Удар боли пронзил грудь, и слова застряли в горле. В глазах Пакстон стояли слезы, и я знал, что она сдерживает их из последних сил.

— Если бы я мог вернуться в тот день, когда ты рассказала мне, Пакстон, я бы сделал все по-другому. Но это невозможно. Но я могу объяснить, почему я ушел.

Мы медленно двигались по танцполу, несмотря на энергичную песню.

— То, как ты смотрела на меня в тот день, когда сказала что ненавидишь — я знал, почему. Я тоже ненавидел себя, потому что считал, что был причиной того, что ты потеряла ребенка.

Глаза ее расширились, рот приоткрылся, но она промолчала. Ей не пришлось отрицать это. Я знал, что она обвинила меня, как обвинил себя и я.

— Я был разбит, когда ты начала плакать. Я никогда не видел тебя такой расстроенной, и знал, что был причиной этого. Я причинил тебе боль, и это разрушило меня. Когда я признался, что люблю тебя, я пообещал, что никогда не причиню тебе вреда. Но нарушил это обещание, и я, честно, не мог смотреть тебе в глаза. Я понятия не имею, почему я выбрал Орегон. Наверное, потому что это было далеко. Никаких напоминаний о нас. Сначала, я собирался вернуться осенью, и пойти учиться в «A&M», как мы и планировали, но даже мысль о том, чтобы смотреть в твои прекрасные глаза и видеть в них боль, для меня была убийственна. Когда я прошел в футбольную команду, и мы заключили контракт, я был ошеломлен. Я воспринял это как знак, что тебе будет лучше без меня.

С губ Пакстон сорвалось рыдание, и она покачала головой.

— Как ты мог так думать? — спросила она шепотом. — Я любила тебя, Стид.
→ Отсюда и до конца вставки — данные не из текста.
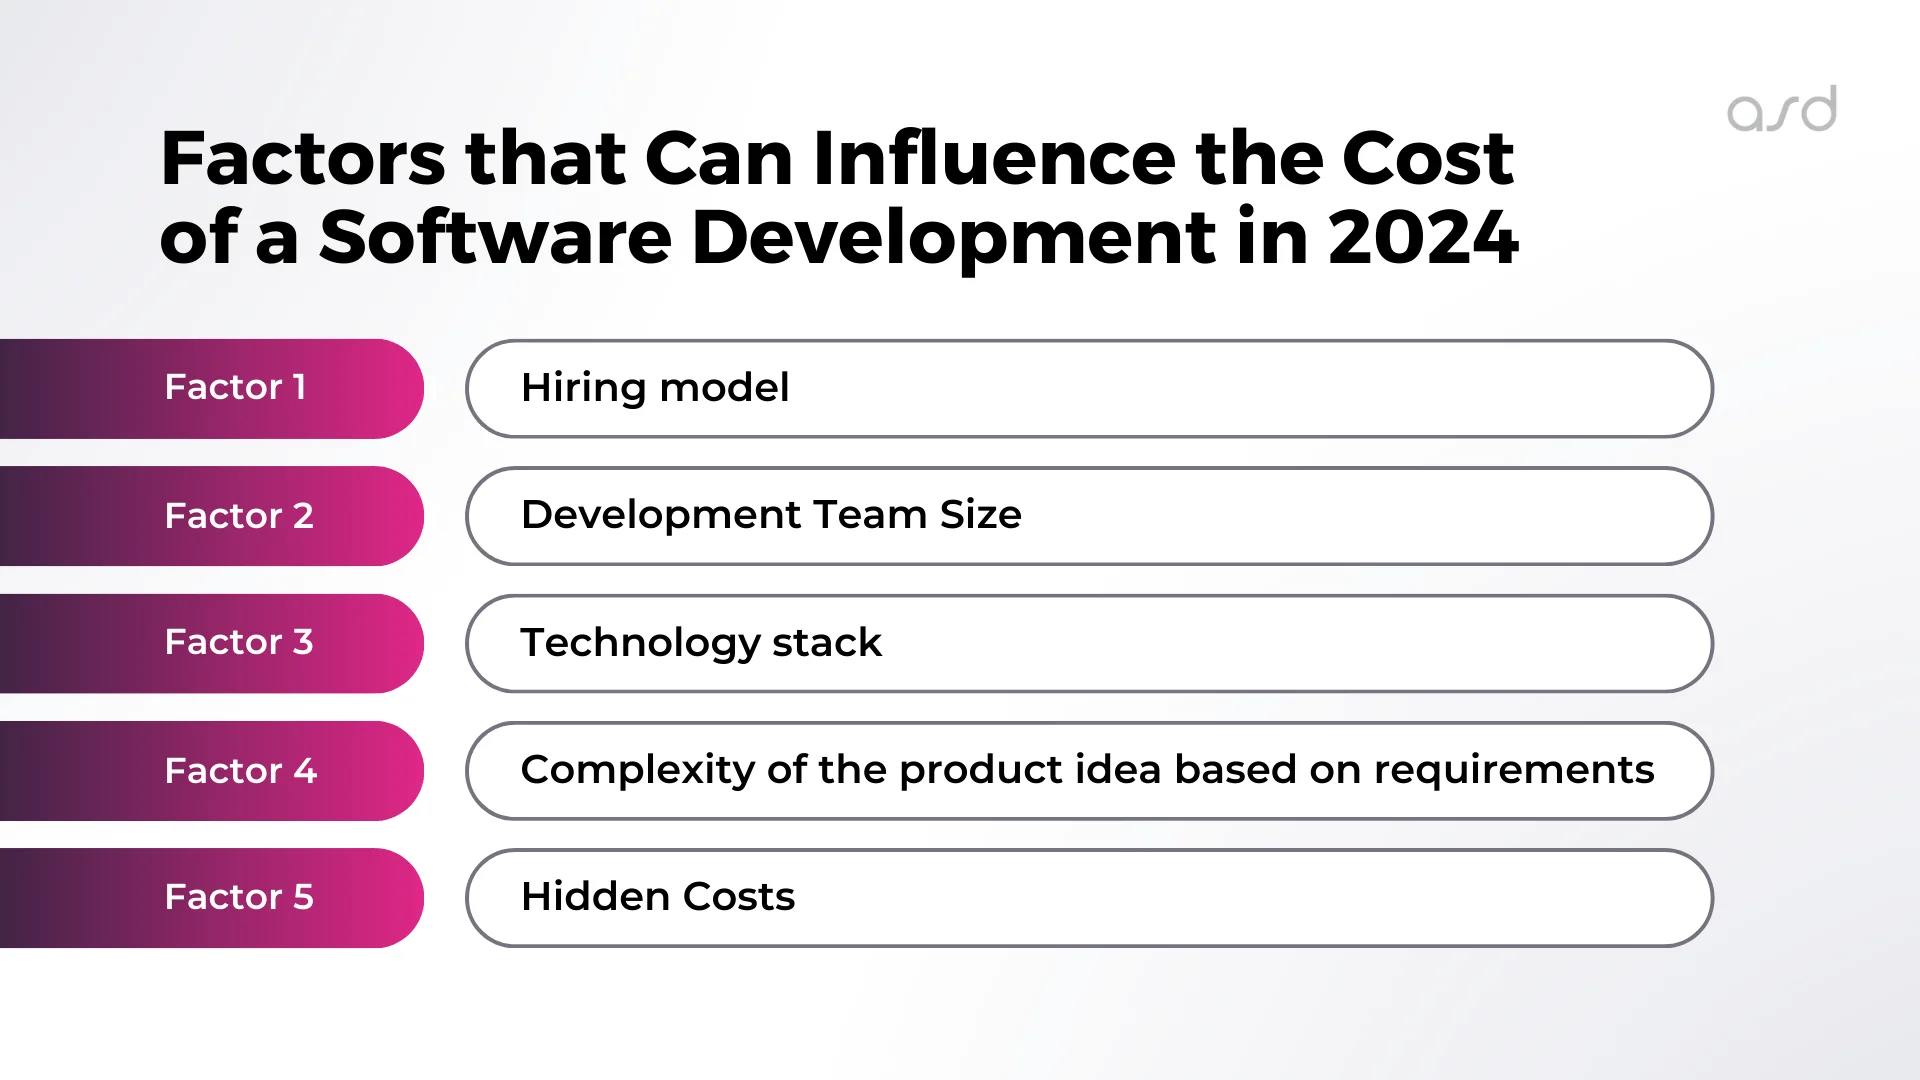 Factors that Can Influence the Cost of a Software Development in 2024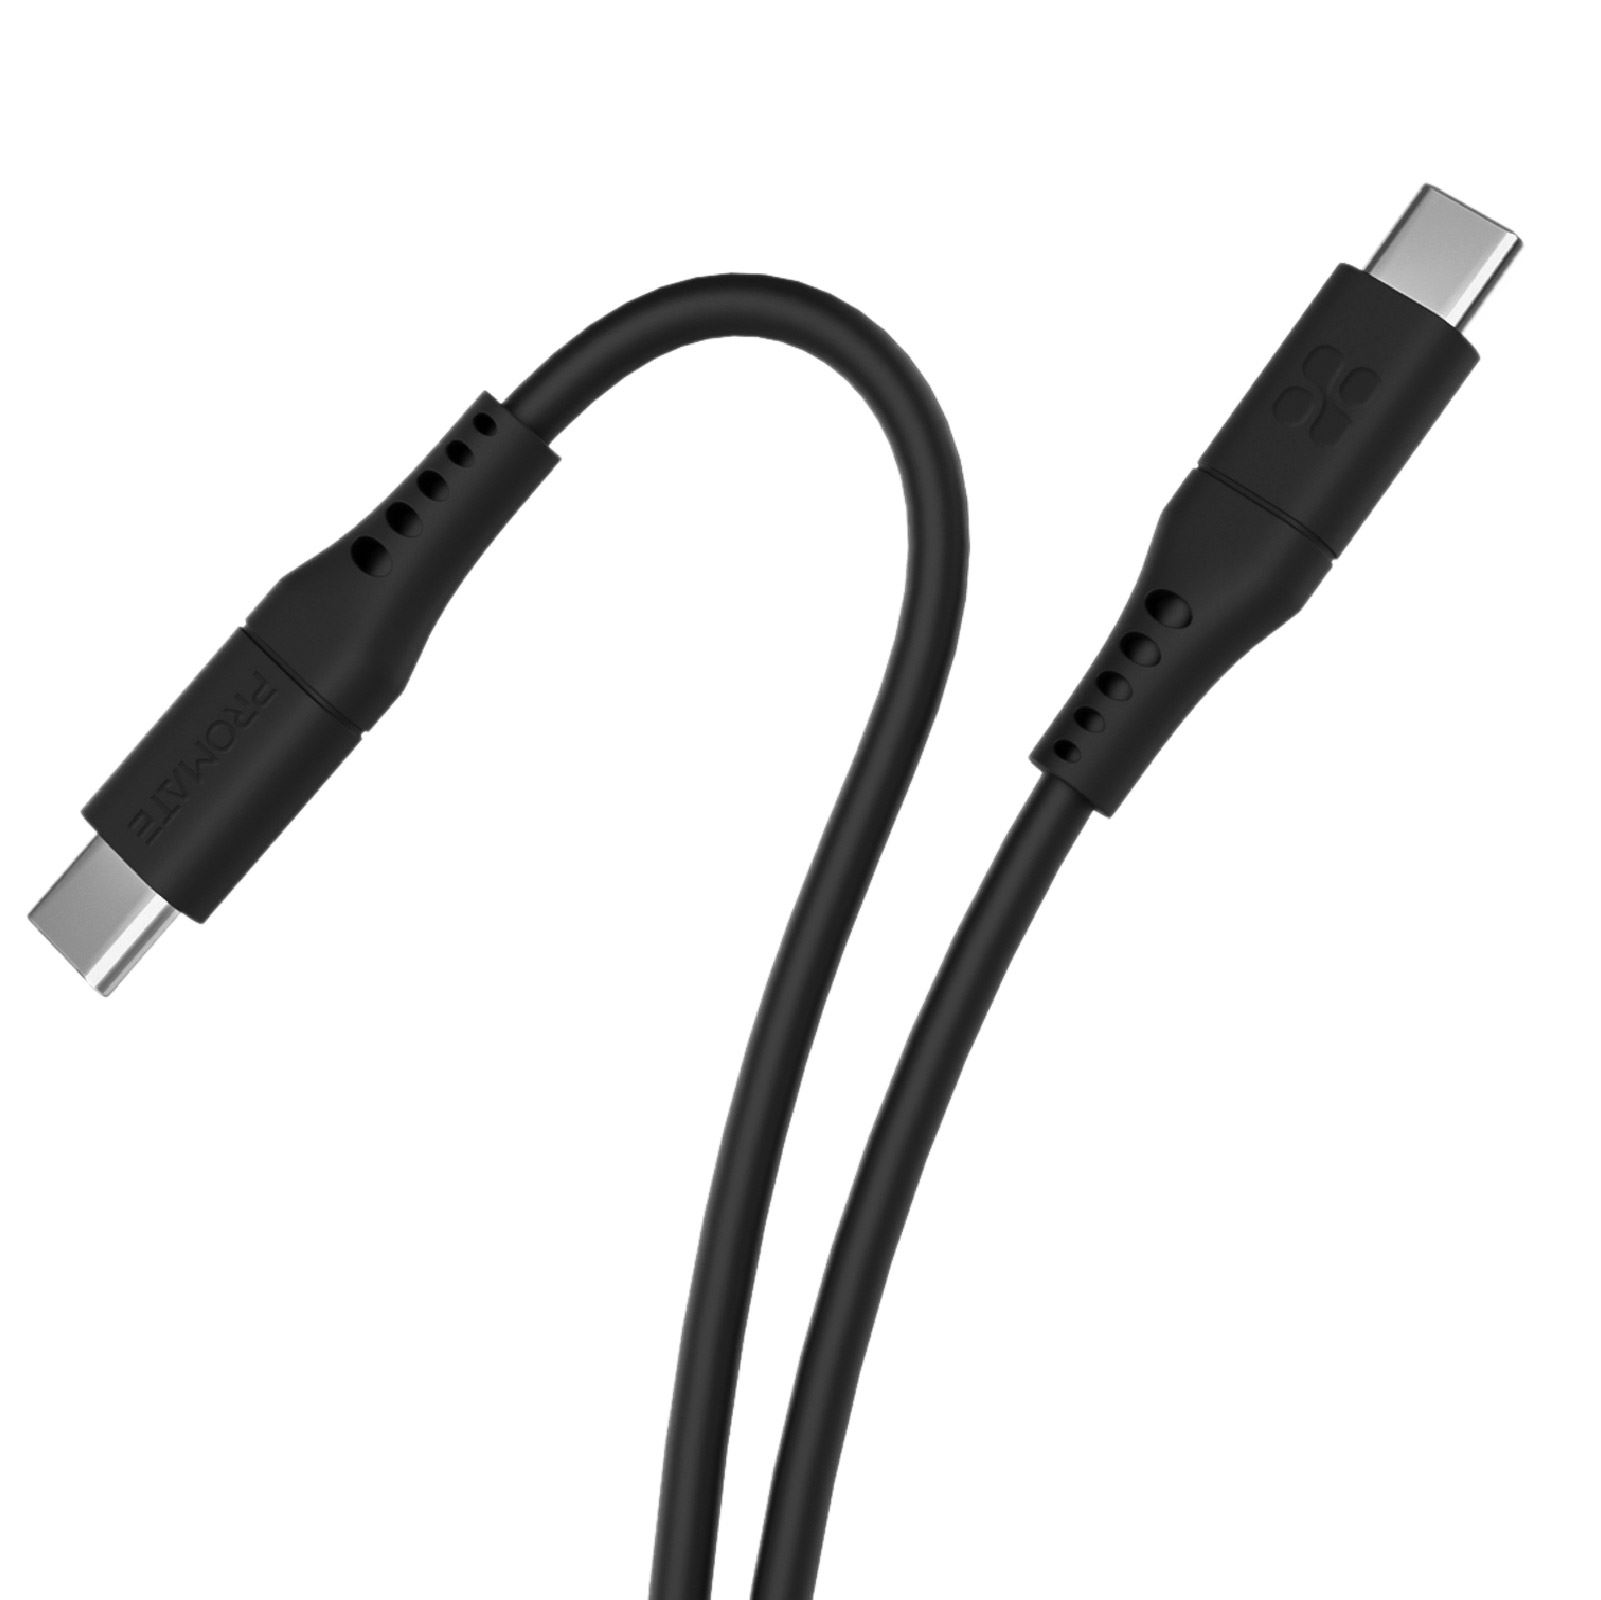 USB C TO USB C 60W POWER DELIVERY AND DATA CABLE 2M

— Я был глуп. Так все чертовски, глупо, пропади все пропадом! — я прислонился лбом к ее макушке. — Я не хотел причинять тебе боли. Я не хотел тебя покидать. Никогда. Клянусь Богом. Пожалуйста, верь мне.

Пакстон вцепилась в мою футболку, смяв ткань в кулаке, и опустила голову на грудь, чтобы скрыть слезы.

Песня изменилась, и я не мог поверить, когда услышал Крис Банди «Мужчин достаточно сейчас».

Пакстон стянула мою футболку сильнее, и заплакала. Я крепче обнял ее. Я бы отдал все, чтобы увести ее из этого бара и побыть с ней наедине. Было так много вещей, о которых я хотел ей рассказать. Так много всего, что я хотел сделать с ее прекрасным телом.

Песня закончилась, и DJ объявил короткий перерыв. Мы с Пакстон стояли посреди танцпола, пока народ, обтекая нас, направлялся к своим столикам.

Я не хотел ее отпускать. Запах ее духов, тот, который она носила все эти годы, держал меня в плену. Не говоря уже о том, каким горячим становилось мое тело рядом с ней.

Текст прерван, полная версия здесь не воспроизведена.